Fragments

8/8/17

This summer I have been dealing with fragments.  Wisps.

The intentions, June 1, were lined up and plotted.  Take a summer school class outside my department to fulfill an elective, then write the rest of the summer. Write, so that I would submit in the Fall.

What happened: I took the summer school class, then needed to recuperate from it til the end of July.  It turns out that taking a truncated course outside your department is complex, rigorous, and a trip to Funland (if Funland was designed by George Romero). It made for a terse student evaluation and my eternal gratitude for a fellow classmate. (Jack, if you ever find this blog, thank you.)

After the class, the ok grade sigh of relief, I retired to my backyard with pen and paper. They sat on the glass topped patio table. I floated in the pool. (Pool-in-a-box, assembled by me and my family after it was dumped off the back of a truck and carted to the backyard.) I cleaned the pool.  I skimmed debris; flotsam and jetsam of privacy-fenced suburbia. I aerobicized in a circle, a polka-like inner orbit. There was tanning that occurred.

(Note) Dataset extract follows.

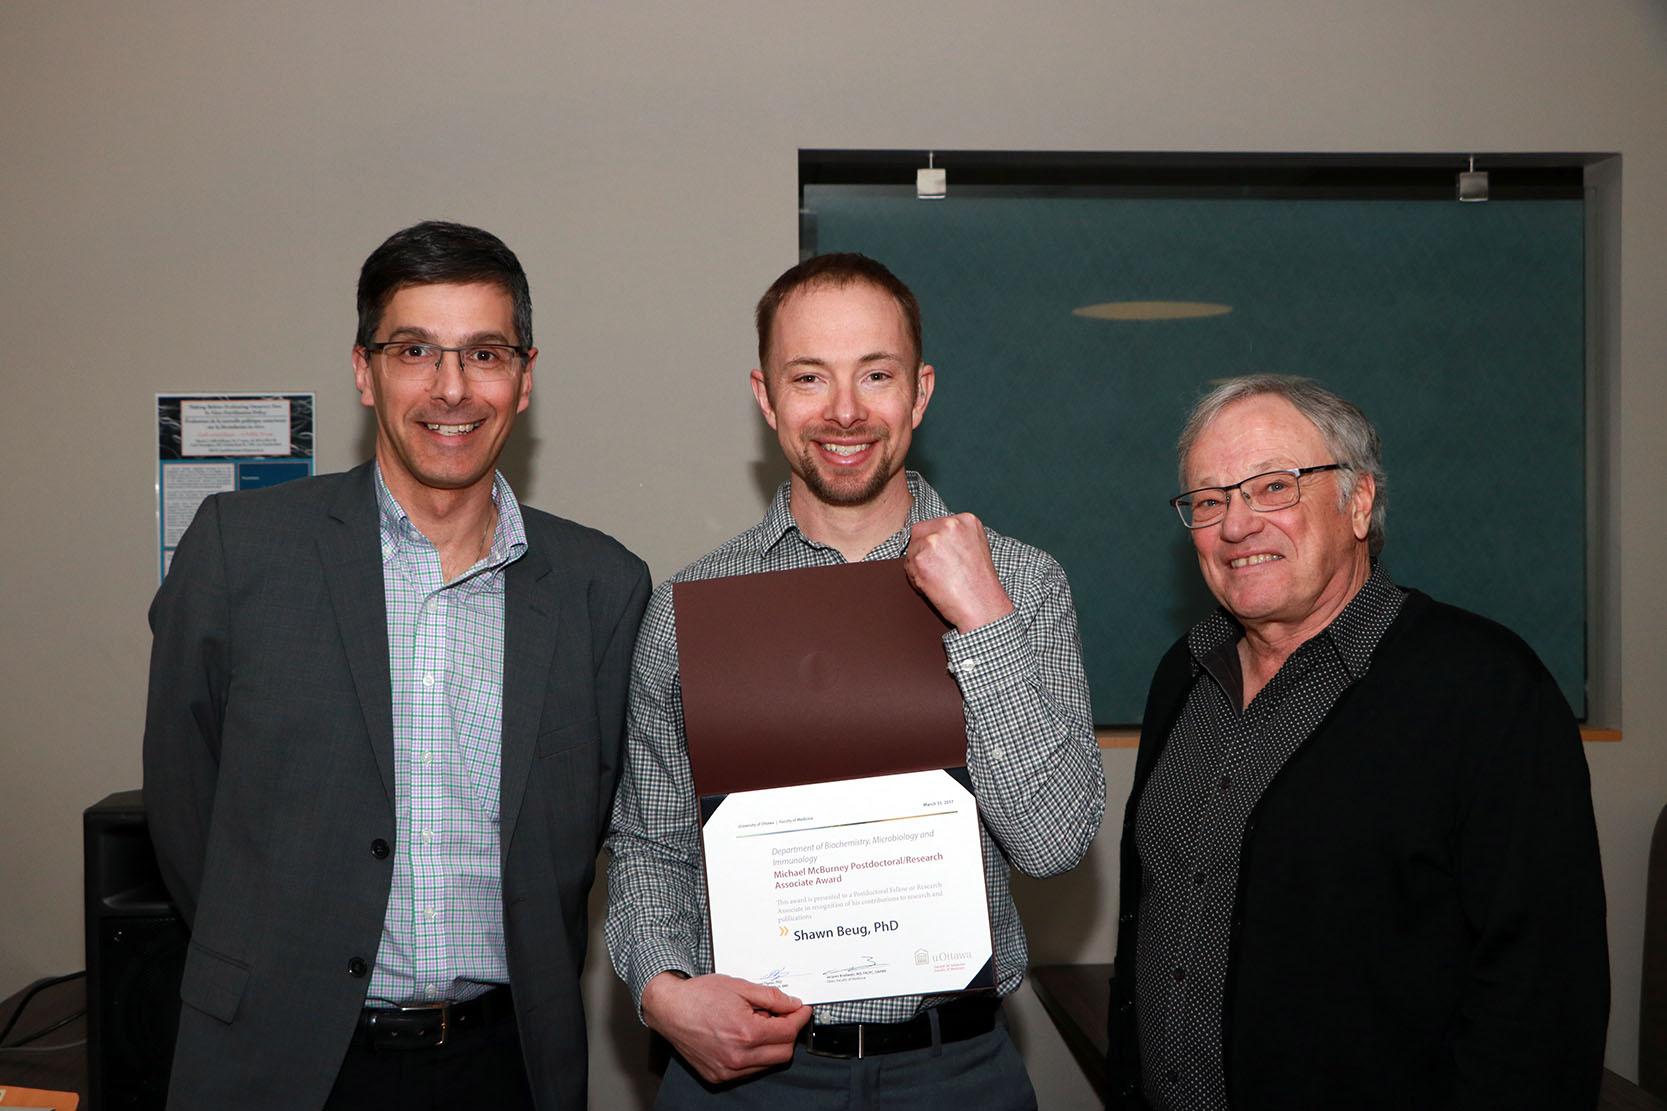 Dr. Daniel Figeys, Dr. Shawn Beug and Dr. Robert Korneluk

Fragments of lines happened.  But often not.  You can’t float notebooks or put waterwings on a pen. Electronics? Double no-no.  I would try to write in my head.  I attempted to memorize sentences. I tried to latch on to to those fragments as I scooped out leaves and scrubbed algae from sides that wibbled like firmer gelatin, stretched vinyl hide.

I listened to the life of birds; watched hawks lilt and torpedo the air. Cardinals visited, went on couples dates on the low hanging branches of crepe myrtle cafes. Once, I saw a pair hummingbirds chase a starling out of the neighbor’s ill-kept bushes that draped across the fence.

Seeping into the humid highs that August perennially signifies, ragged suspicions: my orbit was circling the drain. My summer intentions were a smattering of tattery tissue sucked out to sea.